The Marlins had no comment on the Beckham visit, said team spokesman Matt Roebuck.


Tuesday’s meeting was the second one between Gimenez and Beckham. They met in June, when Beckham toured sites. The former player is “very interested” in opening a team in Miami, Gimenez said. “He’s a very nice gentleman and very down-to-earth.”


As part of his contract with MLS six years ago, Beckham was given the option to buy a franchise for a deeply discounted $25 million upon his retirement. He retired last spring, plans to exercise the option, and word is he hopes to present his plan to the league Board of Directors by the end of the year.

The league will not consider awarding a new franchise unless owners can present a viable financial and stadium plan.


Beckham has spent the past six months vetting possible investors from all over the world, and figures the project will cost more than $200 million. The biggest hurdle has been finding a stadium.

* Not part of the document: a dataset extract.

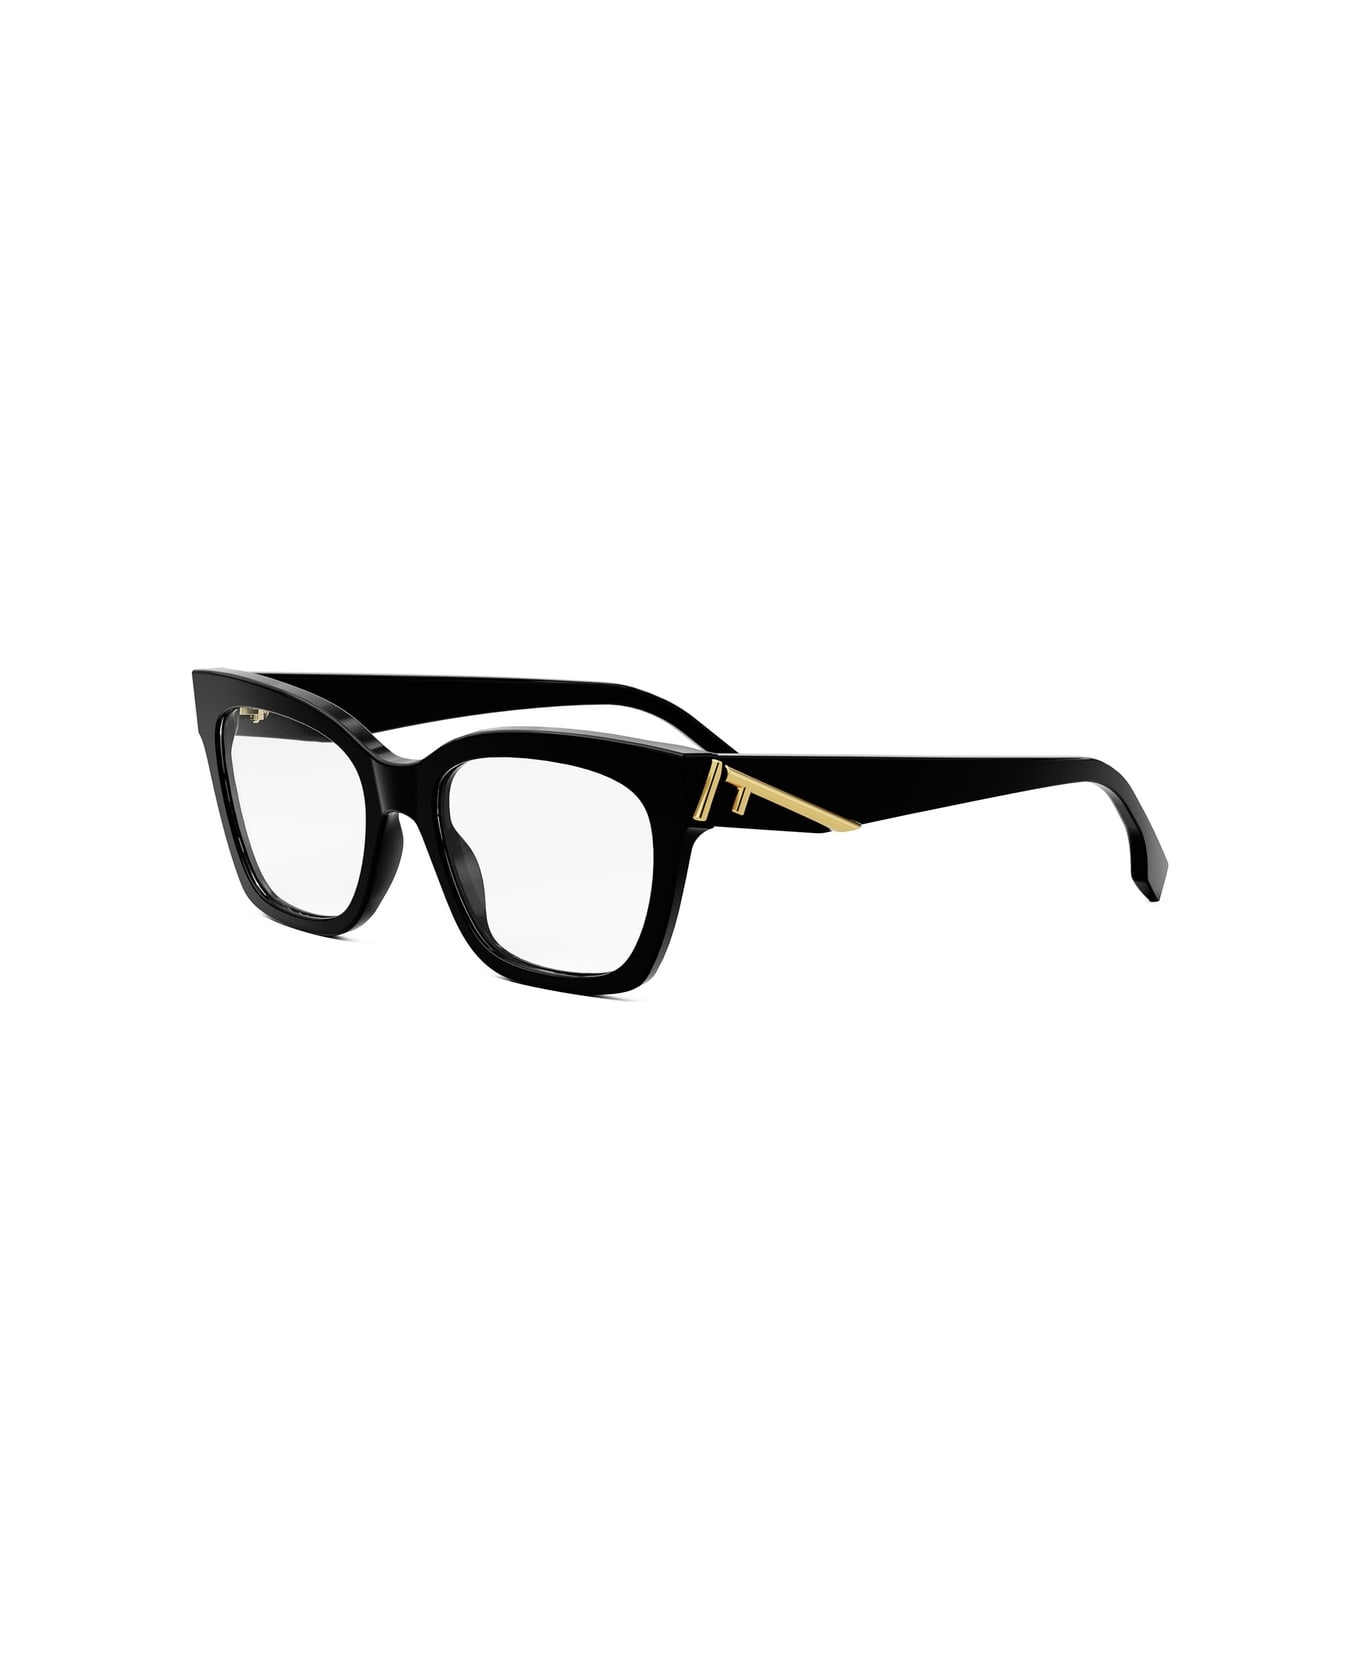 Fendi Eyewear Fe50073i 001 Glasses - Nero アイウェア

Beckham toured Sun Life Stadium and FIU Stadium during his June visit. Neither is the perfect solution.

Sun Life Stadium is a perfect venue for big international matches. A crowd of 67,273 showed up in August to see Chelsea against Real Madrid in the International Champions Cup final. And 72,000 packed it for Barcelona vs. Chivas last summer. But the average MLS crowd is 18,594, and even if a Miami team were to draw 25,000 to 30,000, Sun Life would be less than half-full.


Claure is on the Board of Trustees of FIU, and Beckham met with school leaders there, who believe their stadium is the perfect fit because of its size, West Miami location, and international student population.

But league sources are not sold on FIU or Sun Life as permanent homes. They have told potential investors they prefer a privately-funded soccer-specific stadium of 20,000 to 30,000 seats, if possible in an urban area with restaurants and shopping nearby.

Beckham will continue exploring Miami until he finds the right fit.